Wu is designed to handle errors gracefully rather than raising exceptions during analysis. When an individual dimension fails, it produces a result with UNCERTAIN state and error details in the evidence list.

result = analyzer.analyze("corrupt_file.jpg")

for dim in result.dimensions:
    if dim.state == DimensionState.UNCERTAIN:
        for evidence in dim.evidence:
            if "failed" in evidence.finding.lower():
                print(f"{dim.dimension}: {evidence.explanation}")

For batch analysis, failed files produce WuAnalysis objects with INSUFFICIENT_DATA assessment rather than interrupting the batch.


Thread Safety

WuAnalyzer instances are thread-safe for concurrent analyze() calls. Each analysis creates independent dimension analyser instances and operates on separate file handles.

from concurrent.futures import ThreadPoolExecutor

analyzer = WuAnalyzer()

with ThreadPoolExecutor(max_workers=4) as executor:
    futures = [executor.submit(analyzer.analyze, path) for path in file_paths]
    results = [f.result() for f in futures]

For maximum throughput on multi-core systems, use analyze_batch() with parallel_files=True, which provides both file-level and dimension-level parallelism.


Extending Wu

Adding a New Dimension

New analytical dimensions should follow the established pattern:

from wu.state import DimensionResult, DimensionState, Confidence, Evidence

class CustomAnalyzer:
    """Docstring explaining the forensic methodology."""

    def analyze(self, file_path: str) -> DimensionResult:
        try:
            # Perform analysis
            findings = self._perform_analysis(file_path)

            return DimensionResult(
                dimension="custom",
                state=DimensionState.CONSISTENT,  # or SUSPICIOUS, INCONSISTENT
                confidence=Confidence.HIGH,
                evidence=[
                    Evidence(
                        finding="Brief finding description",
                        explanation="Detailed explanation",
                        citation="Academic reference if applicable"
                    )
                ],
                methodology="Description of method used",
                raw_data={"key": "value"}  # For debugging
            )
        except Exception as e:
            return DimensionResult(
                dimension="custom",
                state=DimensionState.UNCERTAIN,
                confidence=Confidence.NA,
                evidence=[
                    Evidence(
                        finding=f"Analysis failed: {type(e).__name__}",
                        explanation=str(e)
                    )
                ],
                methodology="Error during analysis"
            )

Register the dimension in WuAnalyzer._build_analyzer_config() to include it in standard analysis.


References

  • Daubert v.
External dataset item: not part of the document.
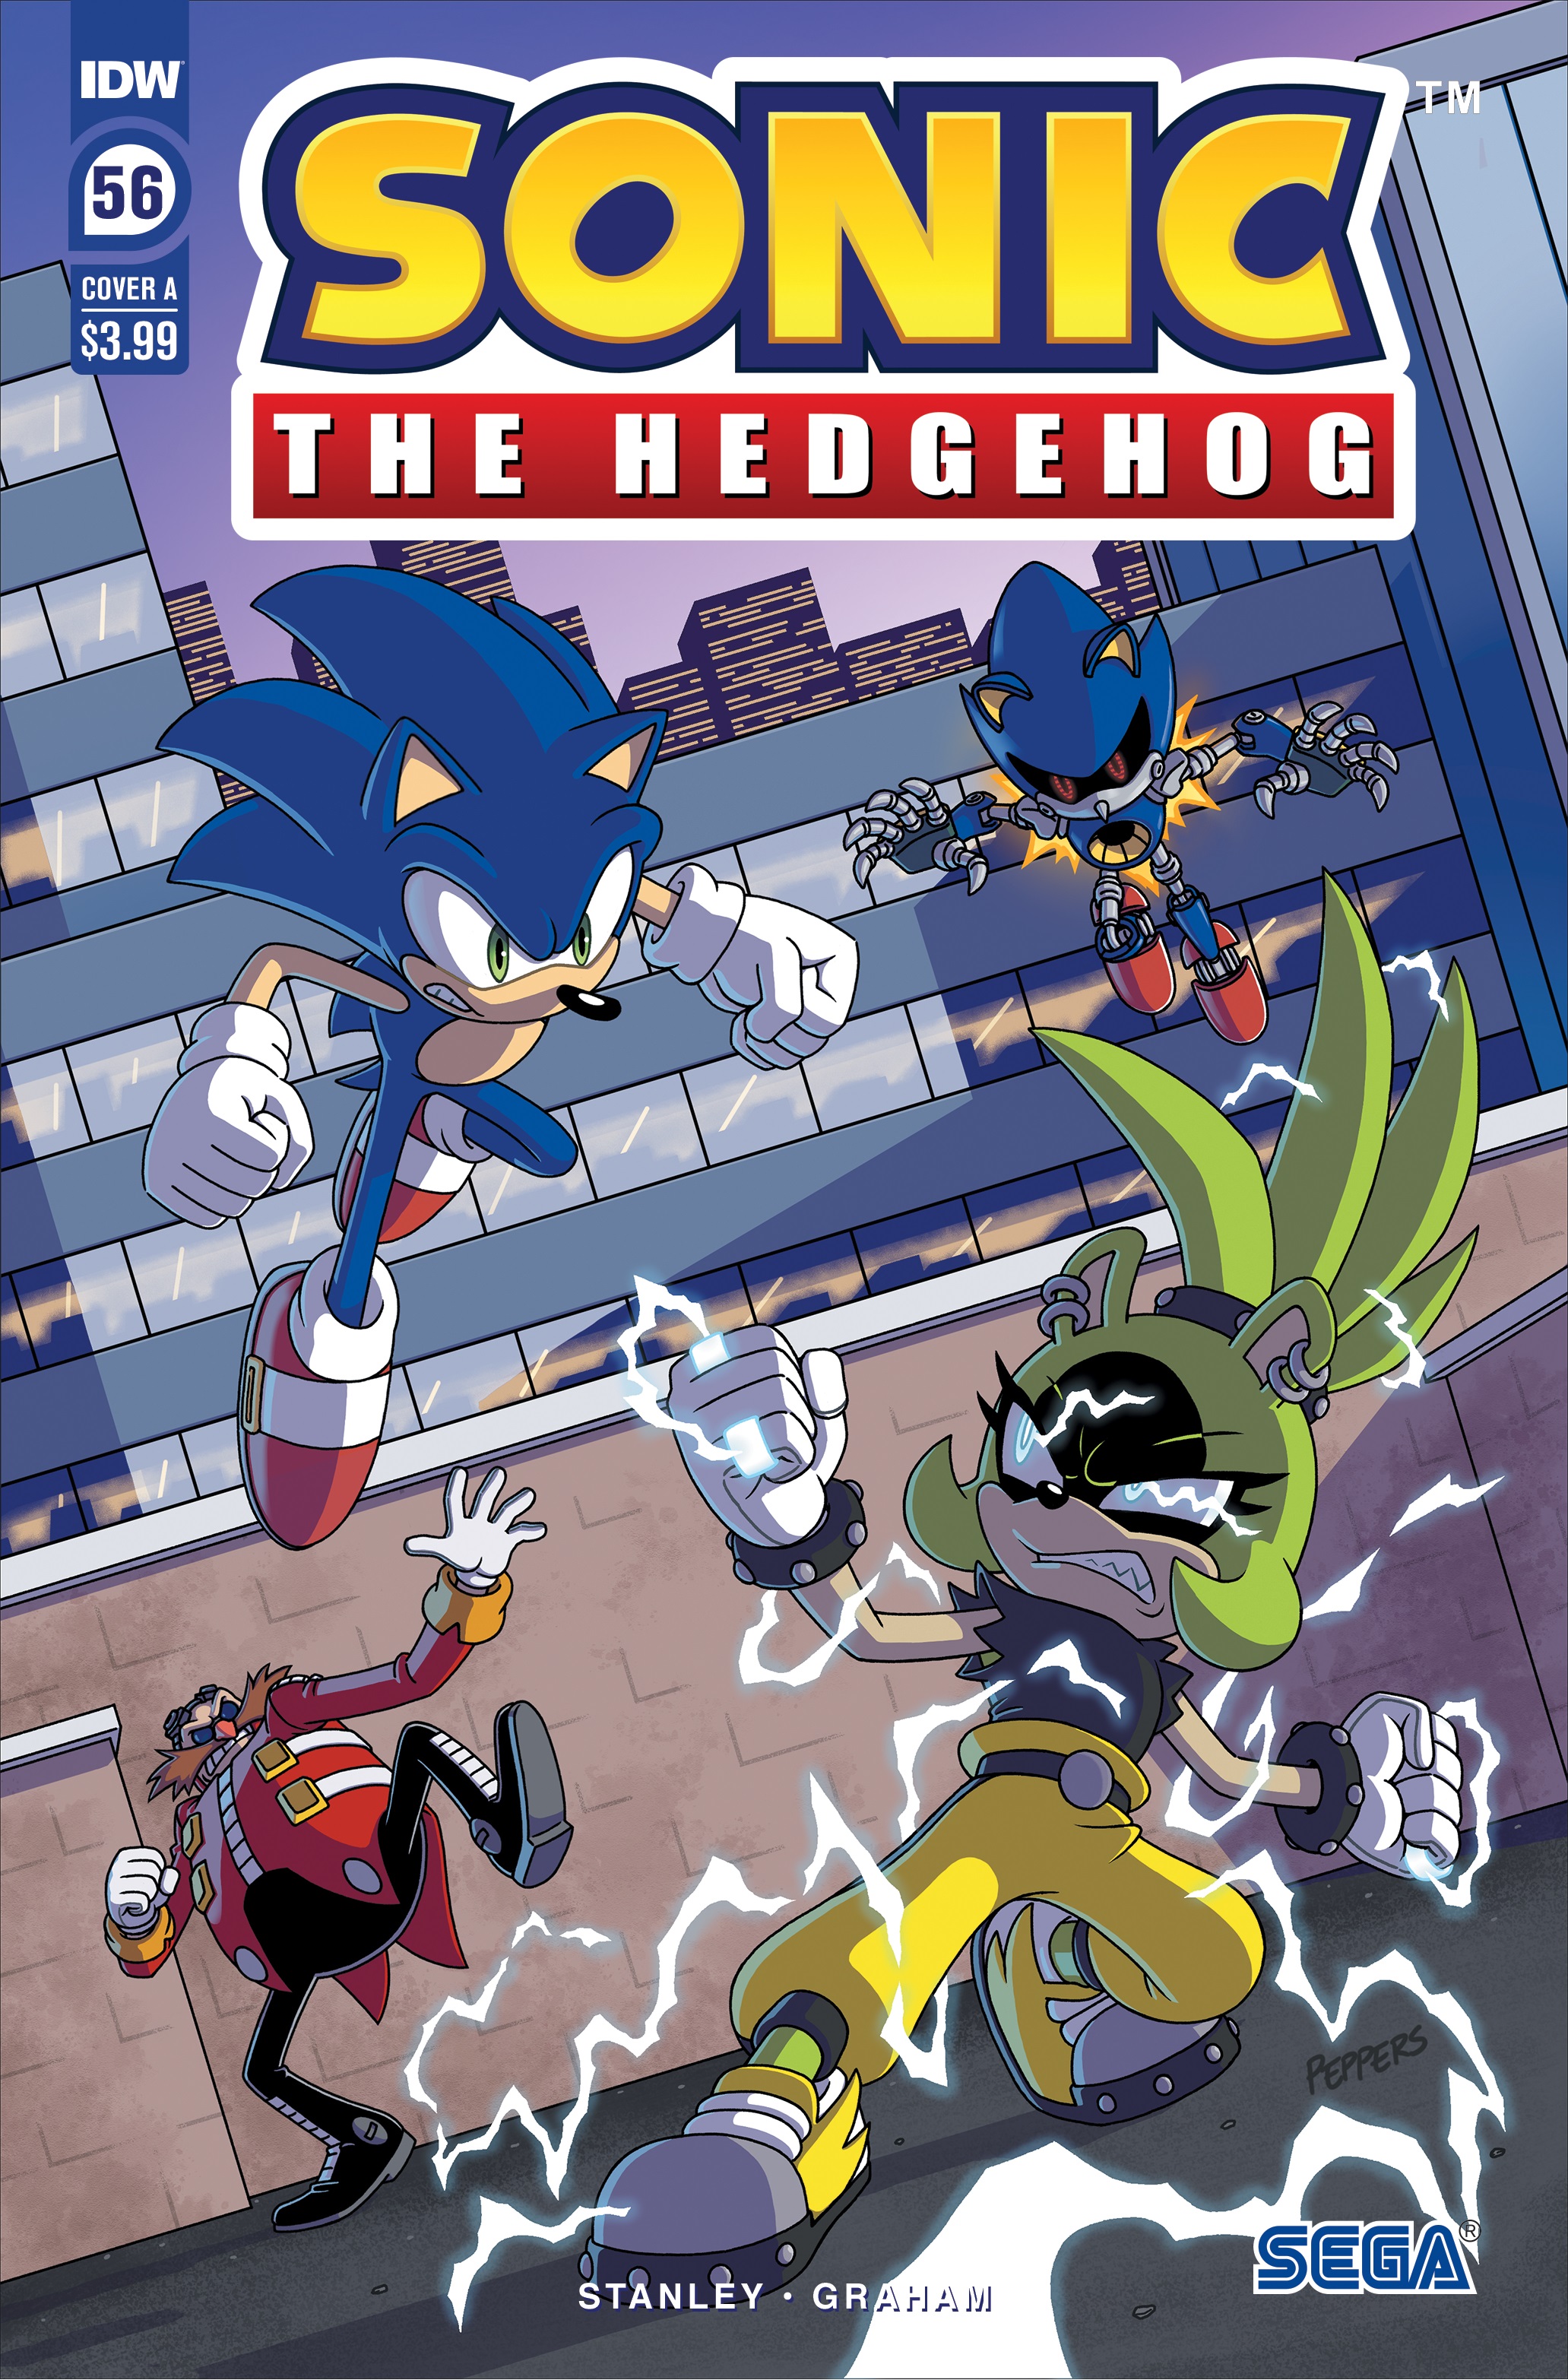 Sonic the Hedgehog 2: The Official Movie Pre-Quill, Wiki Sonic IDW News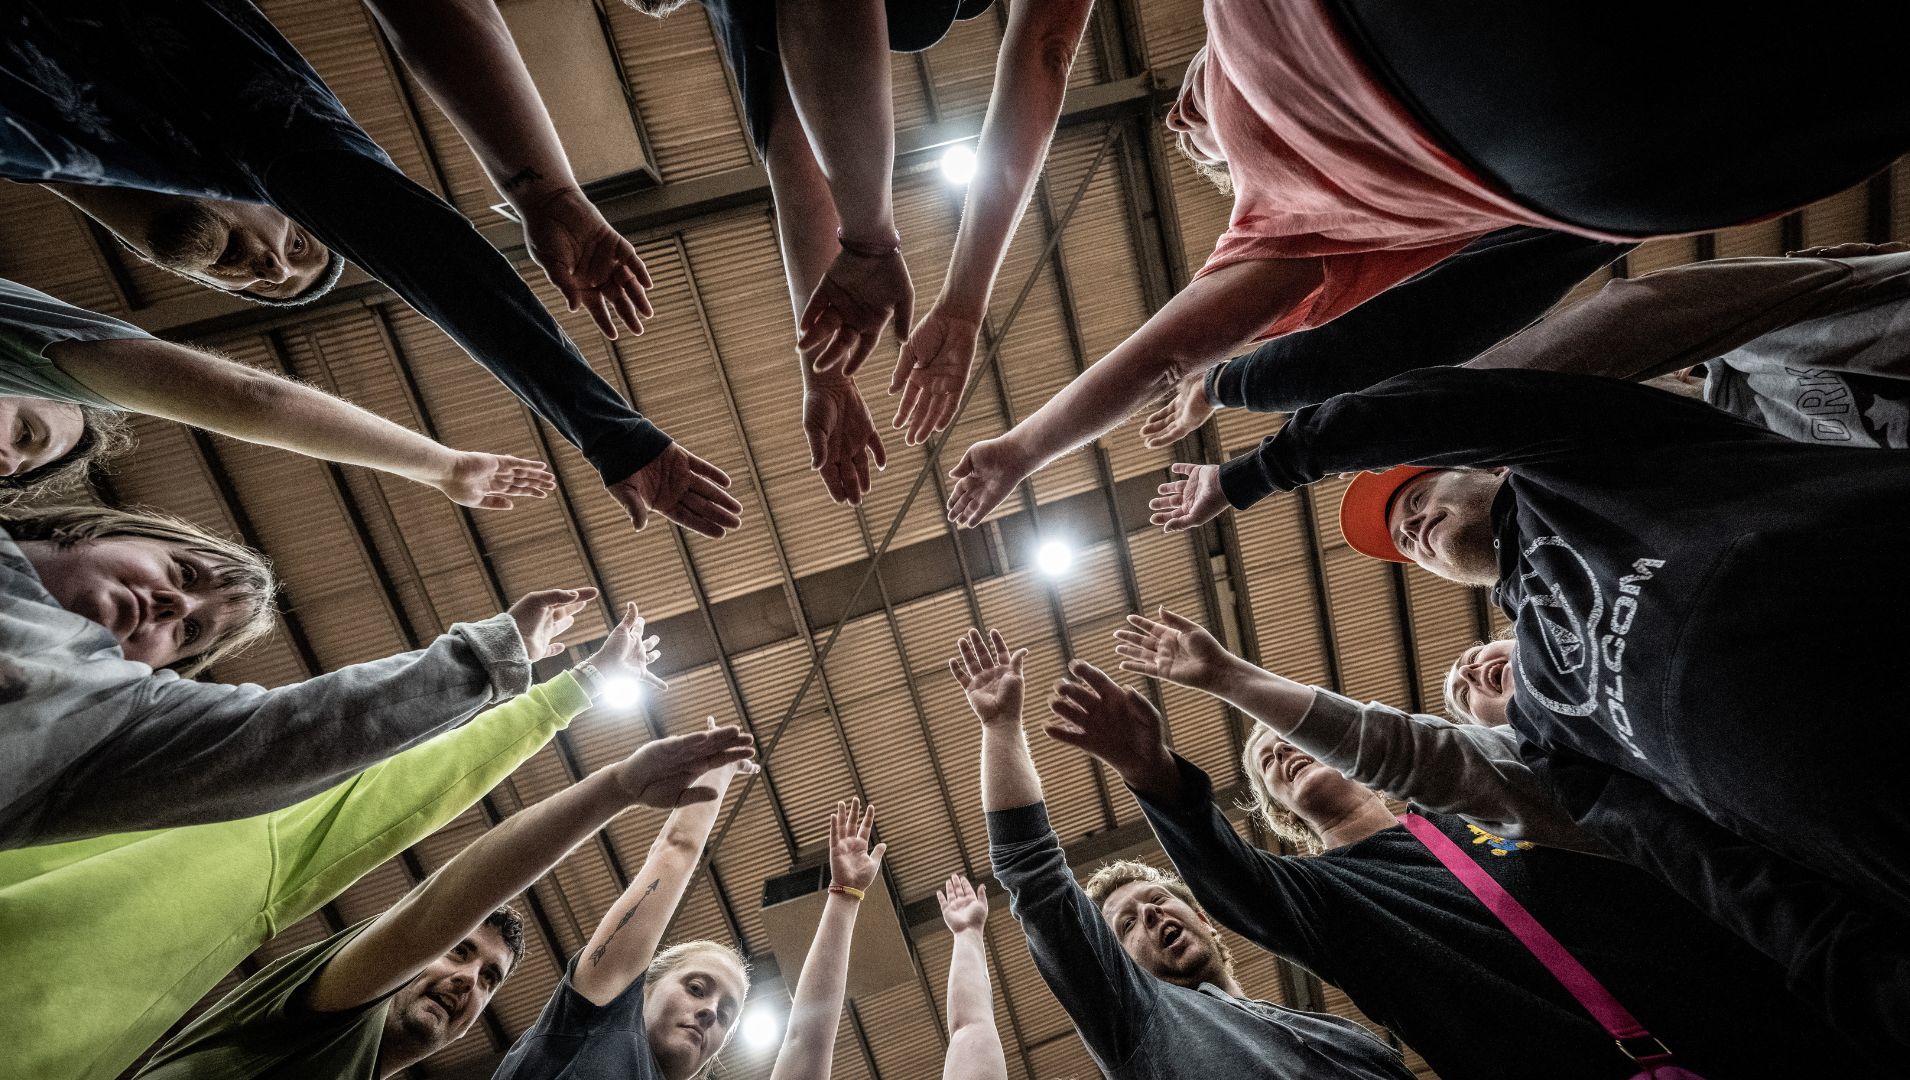 Players form a circle of hands in the all ability basketball team

Merrell Dow Pharmaceuticals, 509 U.S. 579 (1993)
  • Federal Rules of Evidence 702 (Expert Testimony)
  • Farid, H. (2016). Photo Forensics. MIT Press.
  • JEITA CP-3451C (Exif 2.32 specification)
  • Scientific Working Group on Imaging Technology (SWGIT) guidelines
  • C2PA Technical Specification (https://c2pa.org/specifications/)

This document describes Wu version 1.5.x. API stability is maintained within major versions.